19. Section 2.3: line 216, please be more specific with respect to the employed software.
20. Line 257: authors state that “rock temperatures are related to the air conditions”. This is not a complete information. First of all they are talking about the “surface temperature” (please check throughout the manuscript), also depending upon the solar radiation, with specific reference to time of exposure to sunrays, and conditioned by the slope morphology and orientation. Moreover, the presence of external factors such as wet sector, weathering films (and so on…) condition the surface temperature of rocks.
21. Figure 6: not clear if these surface temperatures are average values, representative of the whole rock face, or related to fixed measurement spots. Since the rock surface temperature varies along the same rock mass, even under the same environmental condition, I wonder what kind of information this graph can bring. In fact, there is a fundamental difference between the heating phase and the cooling phase of a rock mass, i.e. the surface temperatures are strongly influenced by direct solar radiation for a certain phase of the day. Therefore, I believe this graph should not include the heating phase in order to avoid a misleading interpretation of the thermal response of rock masses.
22. Figure 7: literature experiences demonstrated that the best correlation between IRT outcomes and rock mass fracturing are related to the cooling phase, especially in dark environmental conditions. This is why, in my opinion, authors find the correlation “complex” (line 271). I think that they should separate heating phase information from those arising from the cooling phase.
23. Line 275-277: it is hard to believe that this is a constant outcomes resulting in the all-day IRT monitoring. Authors should report what time this consideration refers to. I guess this could be likely related to a morning thermogram, in direct irradiation condition, when the protruding rocks are directly hit by sunrays and hollow portions are partly shadowed. There are several studies on the application of IRT on rock mass surveys under natural light condition. Authors should improve the literature reference on this aspect.
24. Lines 278-284: same as previous point 23. Authors should report their consideration with respect to the different environmental conditions. This aspect, should be addressed in detail, providing also further thermograms of the same slope portions taken in different times, where differences should be highlighted and supported. This could be done even by improving Figure 9 and providing more information therein.
25. Lines 287-289: this consideration has no relevance if it is not referred to a specific survey time.
26. Line 291: authors should better explain what kind of “disturbance” was brought by vegetation in the thermograms and it would be interesting to show if this behavior is constant over the whole monitoring time.
27. Figure 8: not clear the surveying time. RGB and IRT images in inset “b” have a very poor quality. Probably the great surveying distance is not suitable for detailed consideration. Even with reference to this point, there are already published literature cases on potentials and limitations of IRT applied to rock mass survey.
28. Lines 311-312: this consideration is not new. Please, report the literature reference.
29. Lines 314-315: how a void can be heated by solar radiation? Authors should be careful in involving physical concepts with no supporting data. I would rather talk about rock+voids/fractures. Also this aspect has already been discussed in literature and the reference(s) should be reported.
30. Lines 324-326: not clear if open fractures are labeled with high or low surface temperature. After having explained this outcome, authors should report if this is in accordance with literature data or not.
31. Lines 330-332: consideration taken from published literature that has to be cited also herein.
32. Figure 9 is confusing and the caption is too long. I suggest to improve the readability of this figure by adding some key information within the image and to reduce the caption length.
33. Lines 372-374: already stated by previous articles that must be cited herein.
34. Lines 375-376: literature experience proved that the IRT survey of rock mass under direct solar radiation can give useful information on the rock mass morphology and so on. What stated here is certainly an opinion of the Authors and it is reasonable that they express this, but they should also report that there are other studies which took advantage from the direct irradiation of rock masses, for IRT surveys, with a positive feedback.
35. Line 381-385: this limitation is due to the great distance occurring between the rock face and the surveying spot. On the other hand, the resolution of the thermogram is related to the resolution of the employed thermal camera!

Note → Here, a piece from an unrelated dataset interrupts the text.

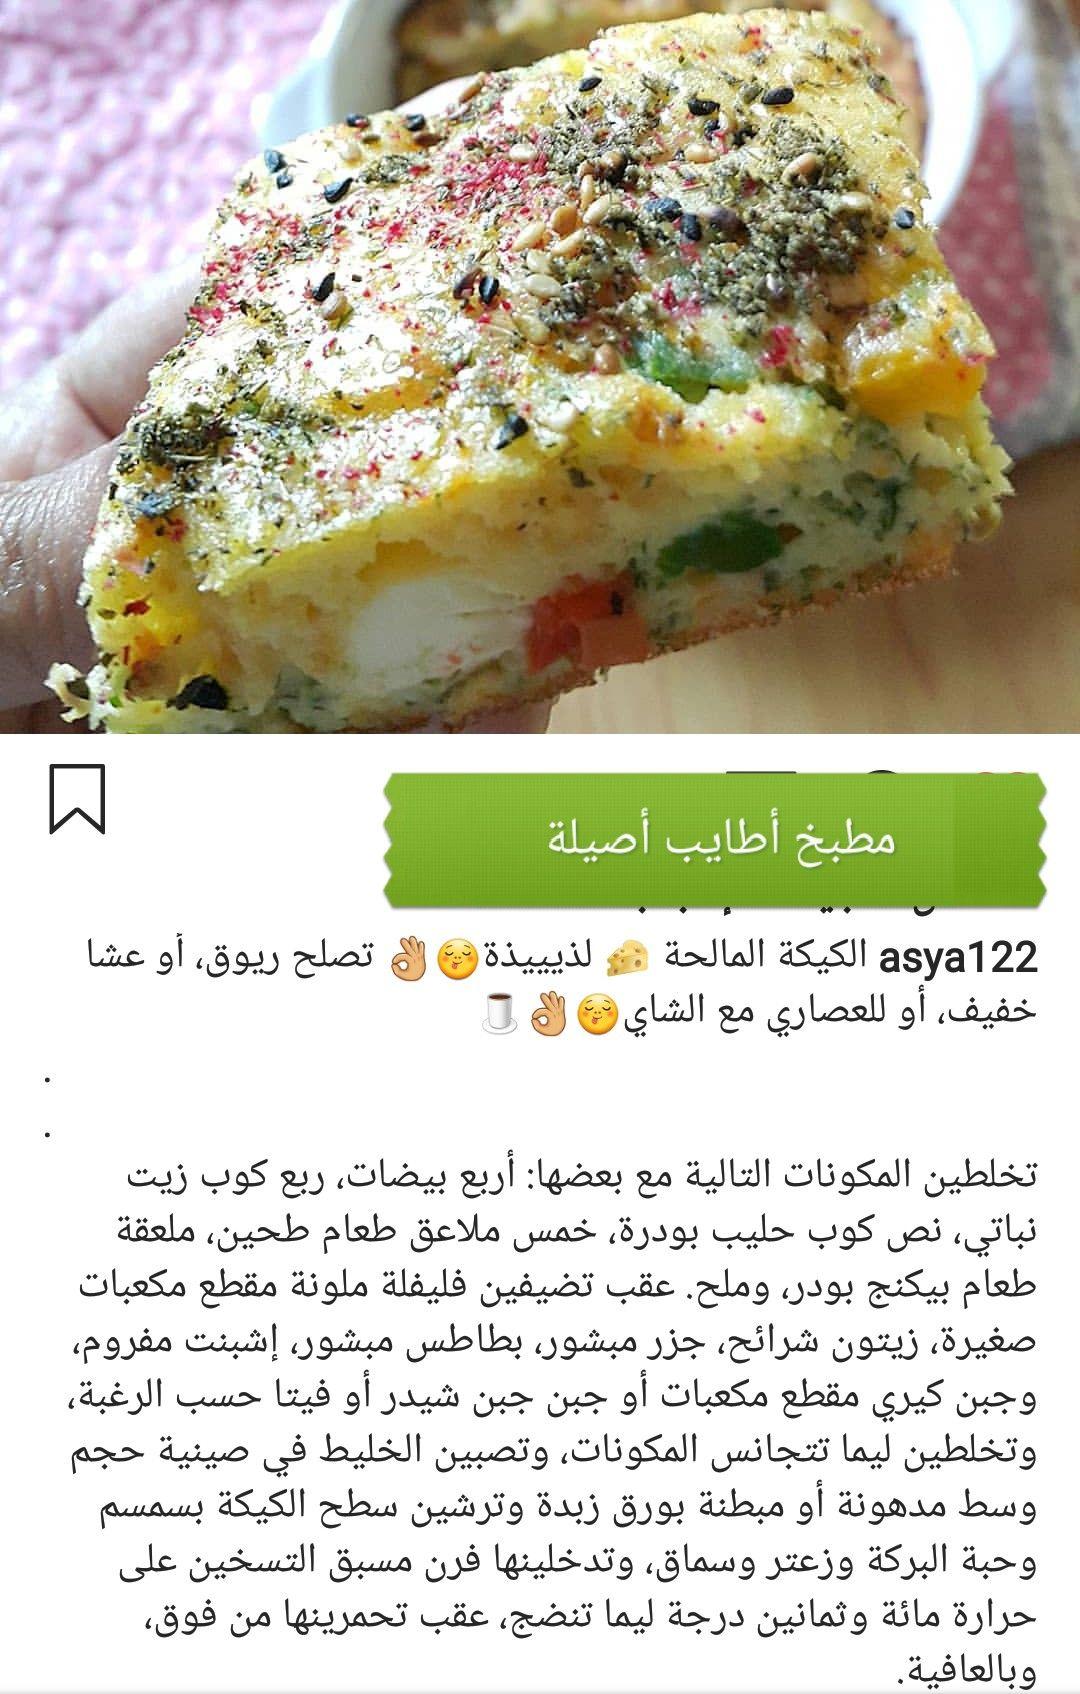 الكيكة المالحة Cooking Recipes Desserts Cooking Recipes Recipes

I hope that my comments will be useful to improve the content of this manuscript and I look forward to reading it after revisions!

Best regards

Author Response

Dear Reviewer,

we are grateful for your efforts in helping us improve the manuscript. We have made some modifications to better contextualize our research and explain its aims and scope, as well as to illustrate what is the novel contribution.

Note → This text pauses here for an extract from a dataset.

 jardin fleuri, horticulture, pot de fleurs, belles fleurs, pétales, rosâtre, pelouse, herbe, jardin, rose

Here's the list of our modifications and comments to your observations:

• We adjusted the title of the manuscript according to the aims and scope of the research.
  • We improved the bibliographic research and revised the introduction, to contextualize our research and explain which were the goals and what novel contribution was introduced. In addition, we compared our results with the cited papers throughout the text.

4)    Unfortunately, this is the resolution of the original paper from which the figure was taken.

5)    Line 47 (now 99-107): we clarified what type of disturbance was caused by the vegetation and the urbanization. We added the reference to some examples on the effects of these elements on the interpretation of data acquired by means of other remote sensing techniques on the same study site.

6)   see comment 2-3.

7)   Line 59 (now 110-118): we explained the role of laboratory tests, UAV and field surveys in this research.

8)  We reported the results of the conventional geostructural and geomechanical surveys in section 2.1.

9)  We removed the sentence instead of moving it in the conclusion to avoid repetitions.

10) We reduced section 2.1. to report only the data necessary to contextualize the research.

11) We changed Figure 3 and gave more relevance to the information on the geostructural and geomechanical setting.

12) We added the resuming table of the geomechanical parameters (line 214).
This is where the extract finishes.